§ **Problem**:
Retype the listing exactly, minus its pictures.

§ **Dataset excerpt**:
■ ■ ■ ■
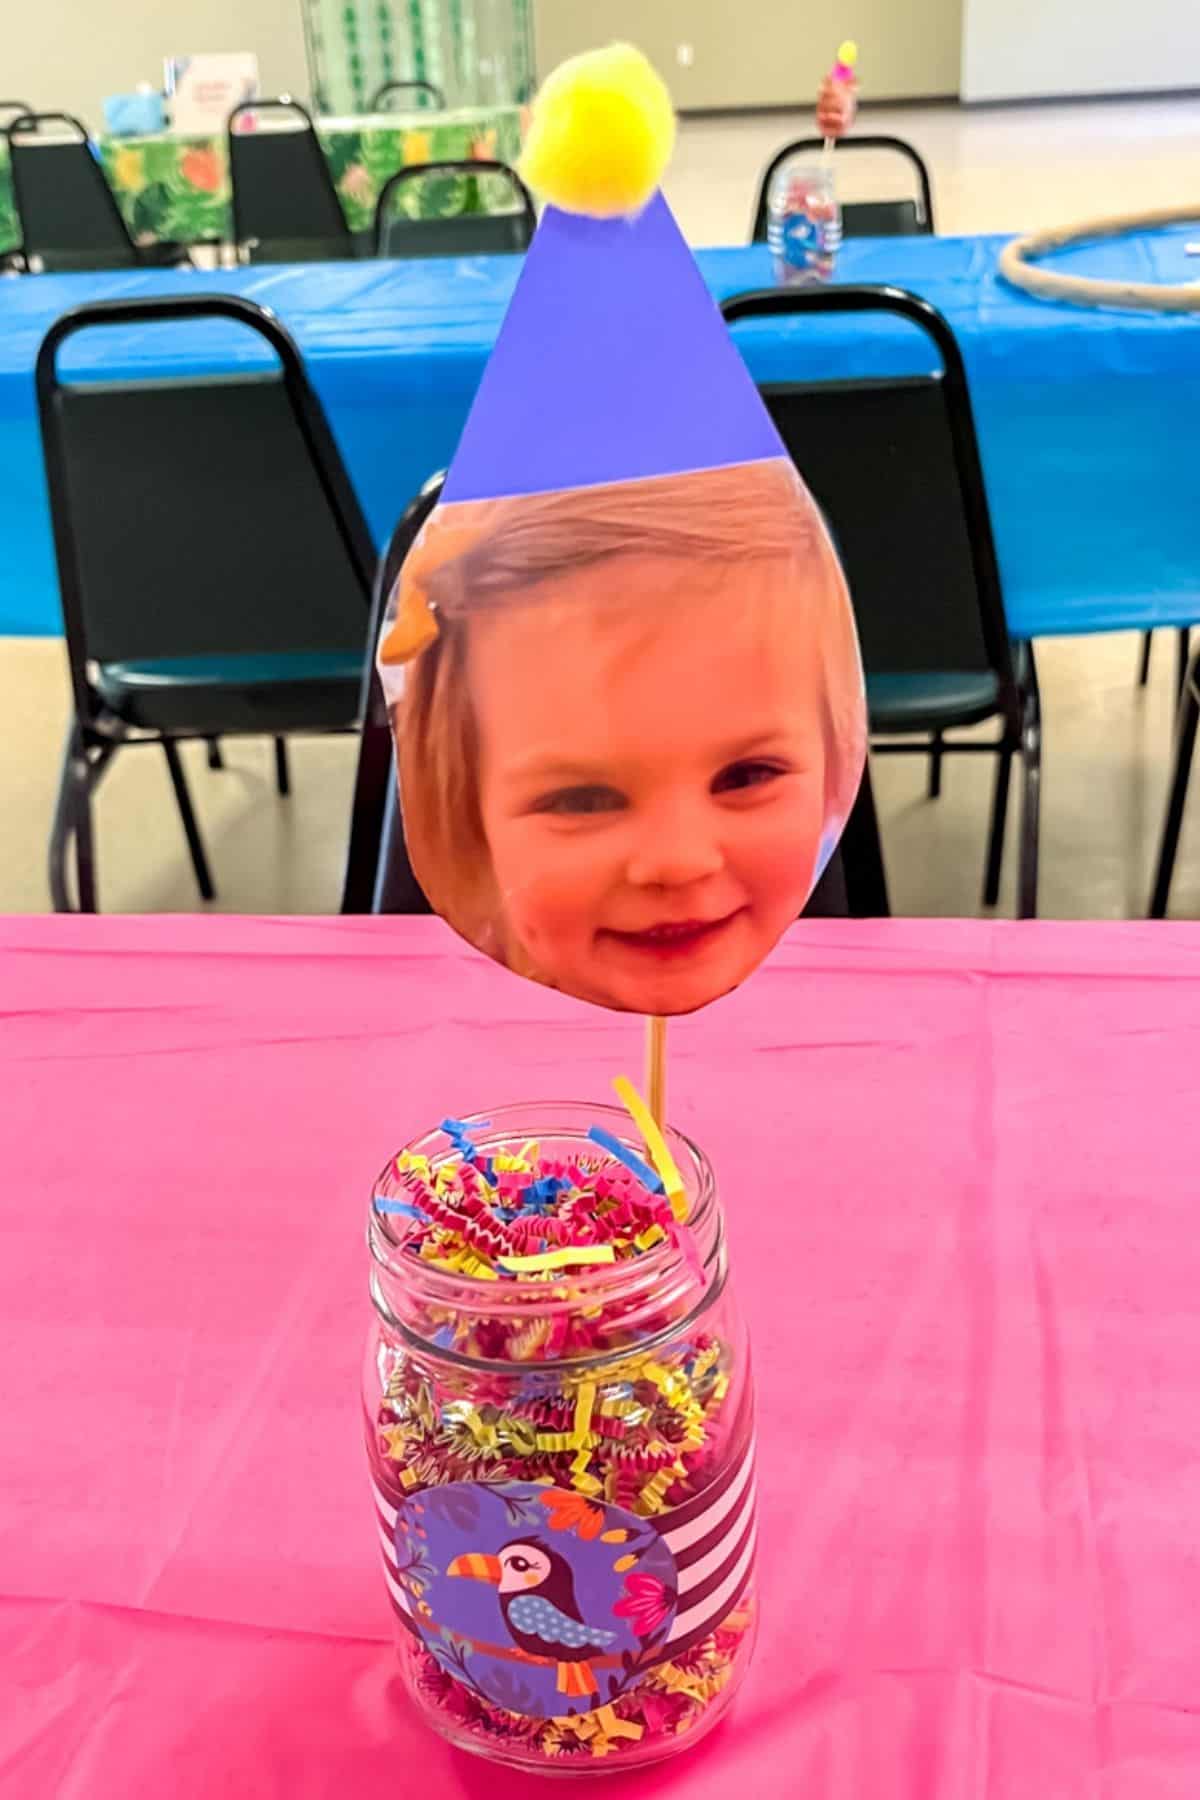 Birthday party centerpieces with the birthday kids face.
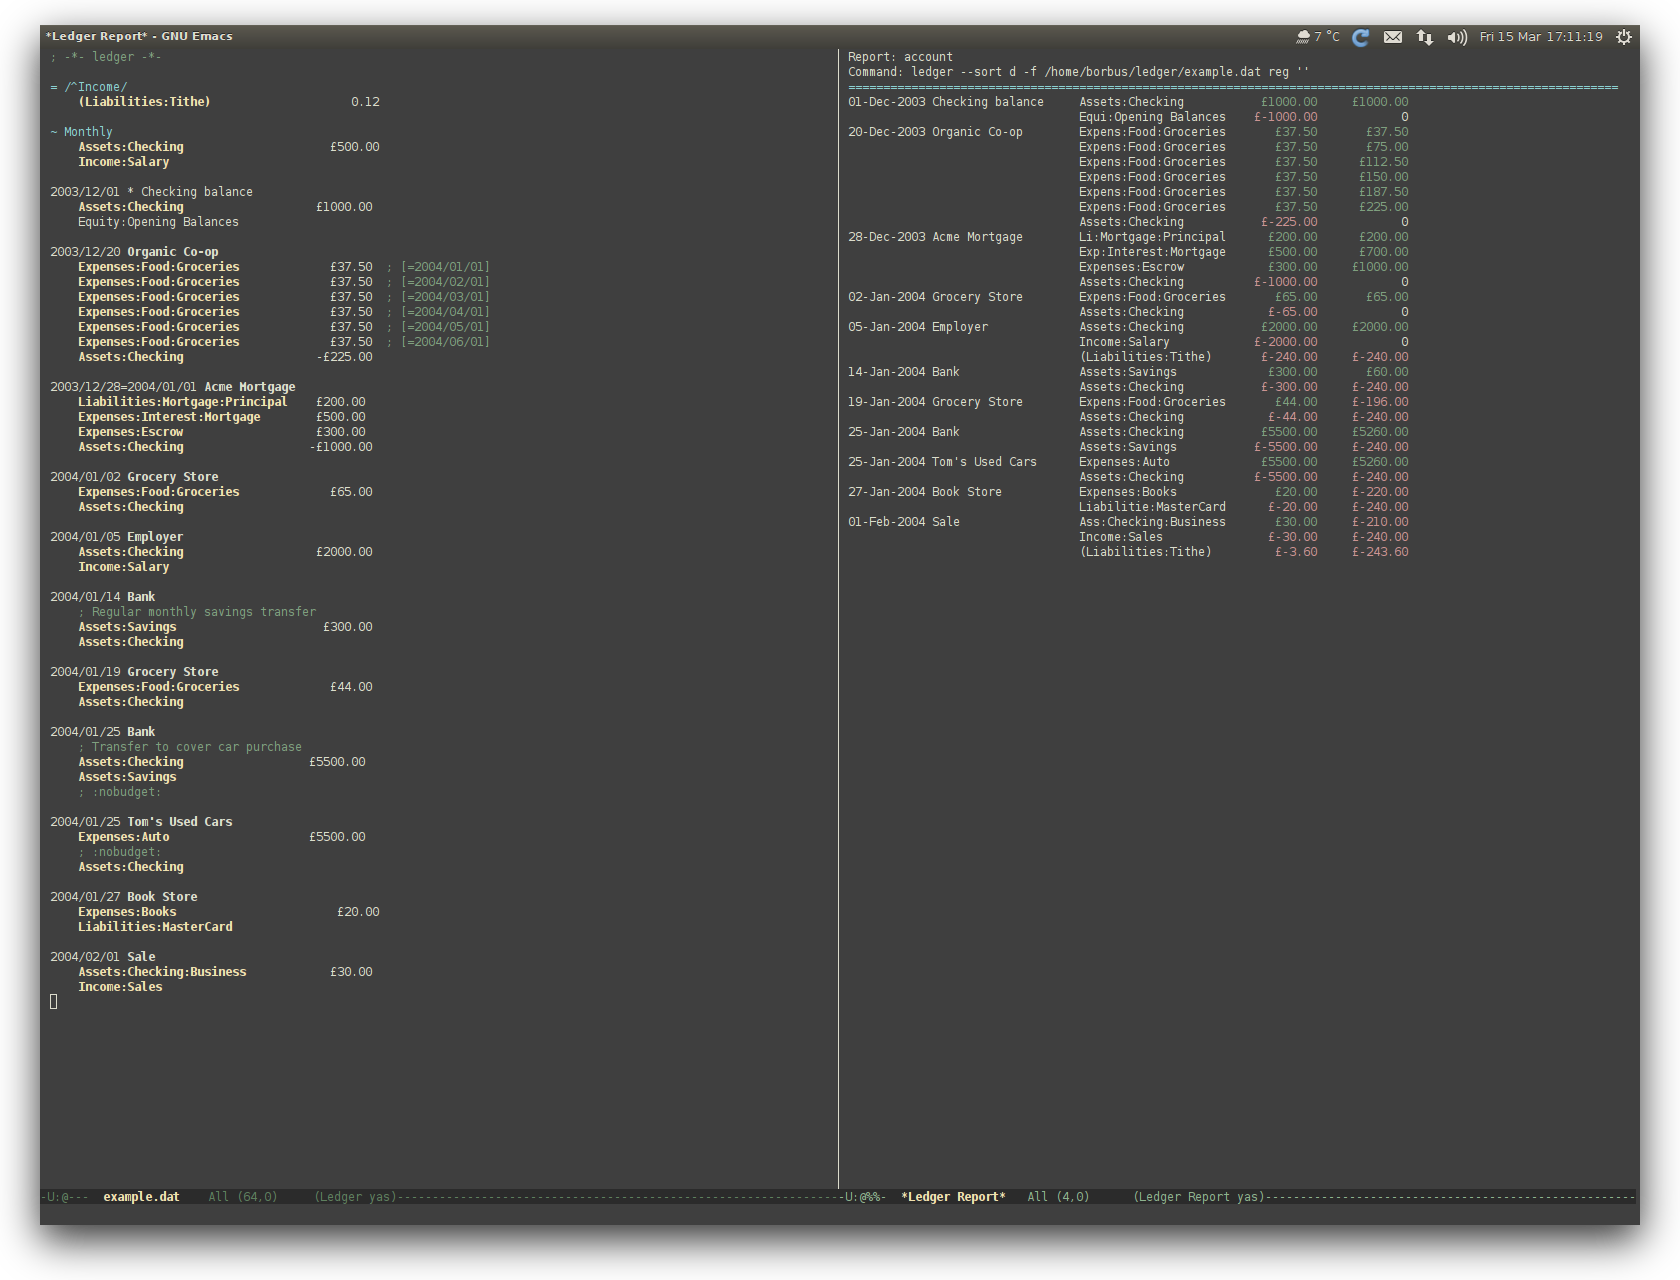 /TakeV/spacemacs/media/commit/c55c7c74a4a03974fc5a6ee96a48c40ec2304ba5/contrib/finance/img/ledger.png
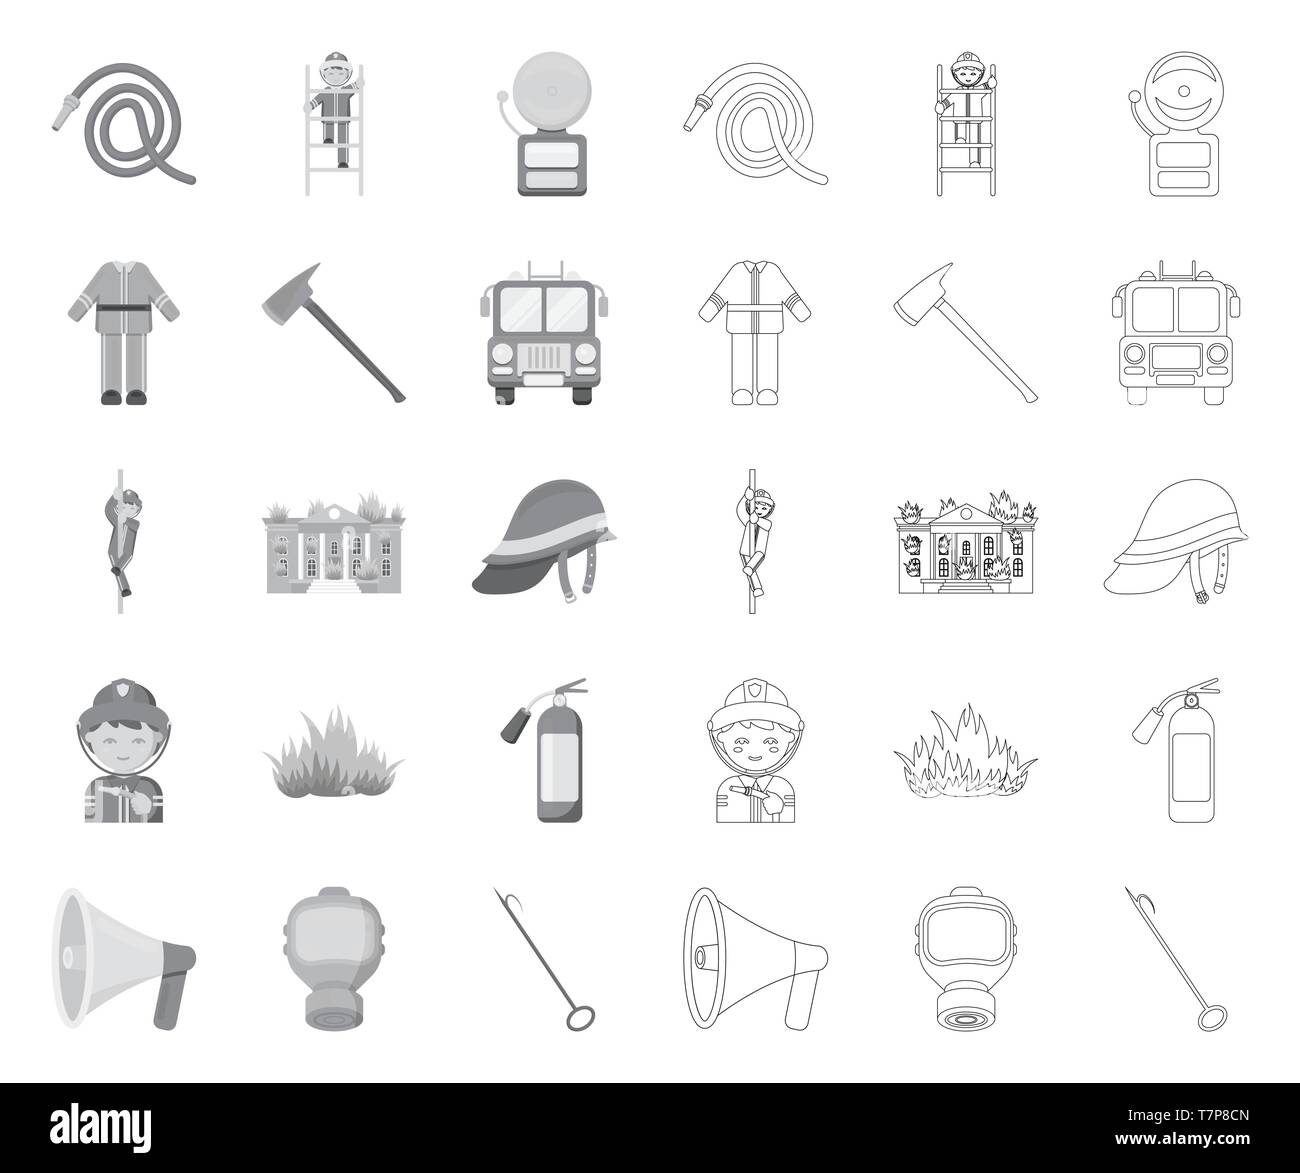 accessories,apparatus,art,attribute,axe,bucket,building,bunker,collection,conical,department,design,equipment,extinguishing,extingushier,fire,firefighter,firefighting,flame,gas,gear,helmet,icon,illustration,isolated,logo,mask,mono,outline,organization,pike,pole,pump,ring,separation,service,set,sign,slide,symbol,tools,vector,web Vector Vectors , Stock Vector
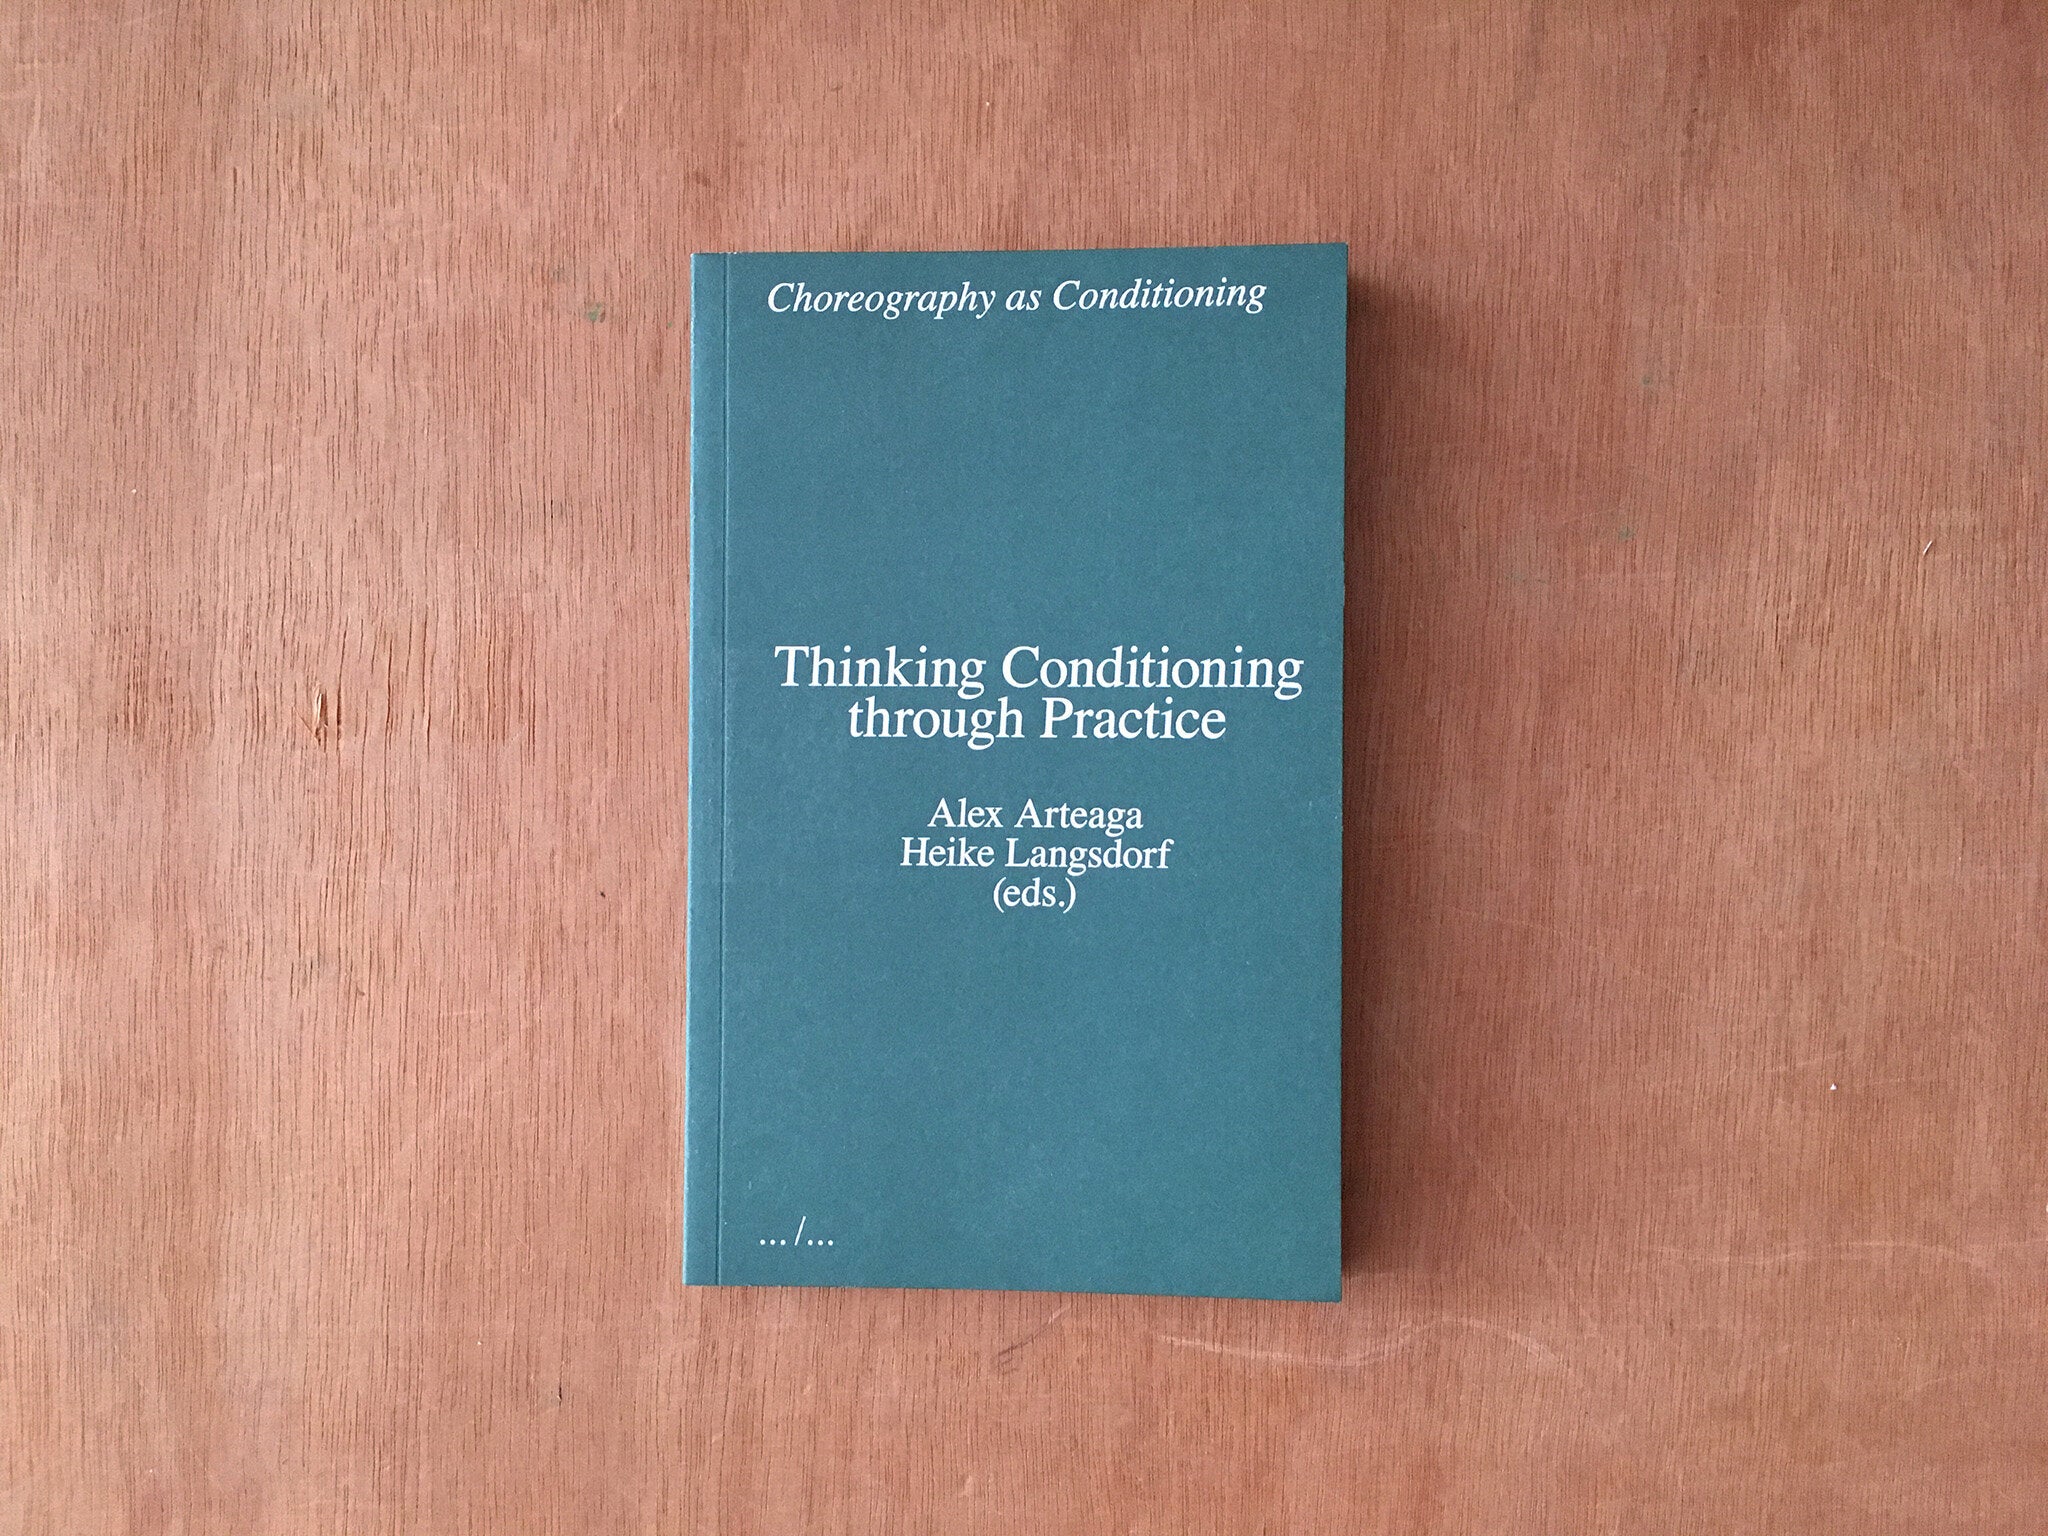 THINKING CONDITIONING THROUGH PRACTICE edited by Alex Arteaga and Heike Langsdorf
■ ■ ■ ■
§ **Output for this task**:
 Birthday party centerpieces with the birthday kids face.
 /TakeV/spacemacs/media/commit/c55c7c74a4a03974fc5a6ee96a48c40ec2304ba5/contrib/finance/img/ledger.png
 accessories,apparatus,art,attribute,axe,bucket,building,bunker,collection,conical,department,design,equipment,extinguishing,extingushier,fire,firefighter,firefighting,flame,gas,gear,helmet,icon,illustration,isolated,logo,mask,mono,outline,organization,pike,pole,pump,ring,separation,service,set,sign,slide,symbol,tools,vector,web Vector Vectors , Stock Vector
 THINKING CONDITIONING THROUGH PRACTICE edited by Alex Arteaga and Heike Langsdorf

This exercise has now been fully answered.